What started out as a slow and lumbering match between two high octane wrestlers became as you would normally expect from the show. Once out of first and second gear, the more impactful moves and last gasp nearfalls were plentiful. Even in defeat, Kanellis looked more menacing than he has had to date, against a big shark in the 205 Live pond.

#9 – Drew Gulak vs. Brian Kendrick (February 26th) – A big return to form from Gulak here. Incorporating some high impact moves into his arsenal, alongside his excellent submission game, gives Gulak an overbearing presence that his opposition simply cannot deal with. Kendrick played the plucky underdog brilliantly throughout a match that The Man With The Plan treated like a game of chess, but his loss to Gulak was never in question, so dominating was The Philadelphia Stretcher’s performance.

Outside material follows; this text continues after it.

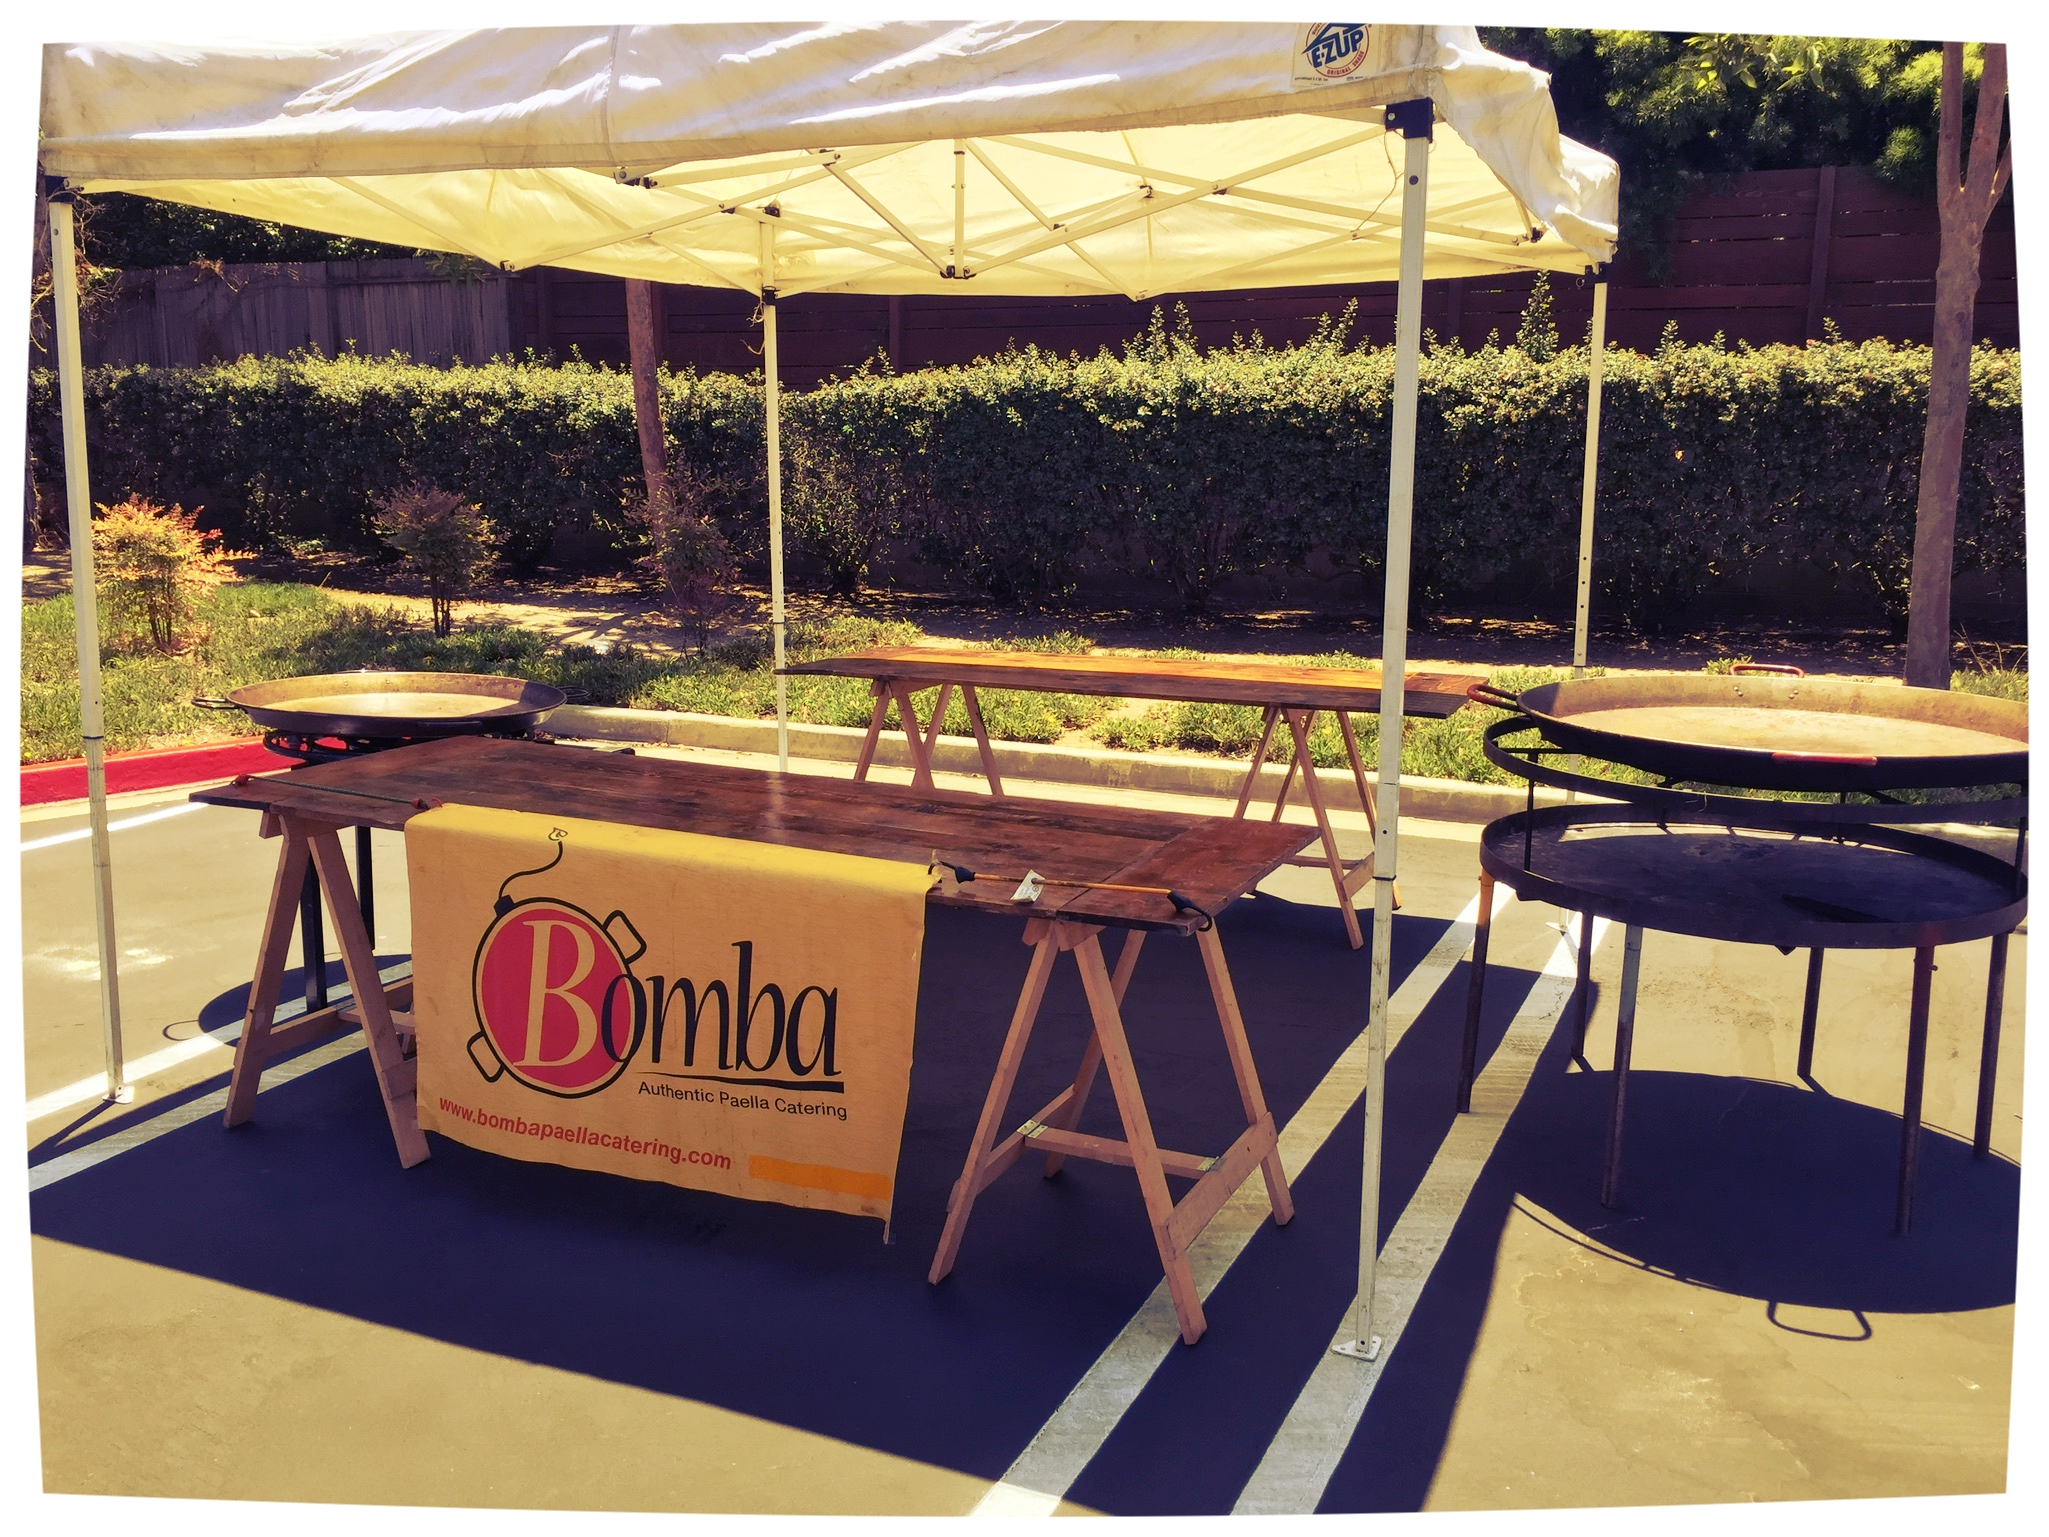 bomba-paella-catering -layout-8.jpg

I mightily struggled to invest in this effort and ranked a few of the more enjoyable, aesthetically pleasing 205 Live bouts ahead of it on my own list, but I can appreciate its merits championed by my co-author. The technical approach typically would have been a nice change of pace, but generally I thought the first round tournament efforts to be toned down versions of what they could have been, rendering three of the four “samey,” if you will, as compared to their main roster peers.

Tie – #10 – Oney Lorcan vs. Humberto Carrillo (March 5th) – Oney Lorcan’s 205 debut was personally very much anticipated, and he did not disappoint. While Carillo adapted his game accordingly, and looks to improve before our eyes, Lorcan was as rabid and unrepentant as ever. His striking game was too much for Carillo, and the right man won the encounter.

I was happy to see Lorcan entered into the tournament and even happier to see Carrillo forced to work his way up the ladder (Oney is a baller from NXT with a classic Takeover match on his resume; Humberto was an NXT also-ran with potential). They had a good match, but as was the case with three of the other first round bouts, I did not think they took full advantage of the increased stakes and potential tournament-driven increased eyeballs; it was awkward at times and appeared to me to be a bit of styles clash.

Tie – #10 – Buddy Murphy vs. Humberto Carrillo (January 15th) (Prev: #10) – Though just a non-title open challenger, I felt Carrillo made a real splash in his debut, showcasing a natural babyface charisma to compliment his straight-out-of-Lucha Underground like ring-game, but a sneaky little ploy from Murphy upped the emotional ante.

Taking away the anticlimactic reveal of Carillo as Murphy’s secret challenger, his performance stands as a precursor to him becoming much more comfortable in his surroundings in later matches; a bout worth returning to should you wish to chart his upward trajectory.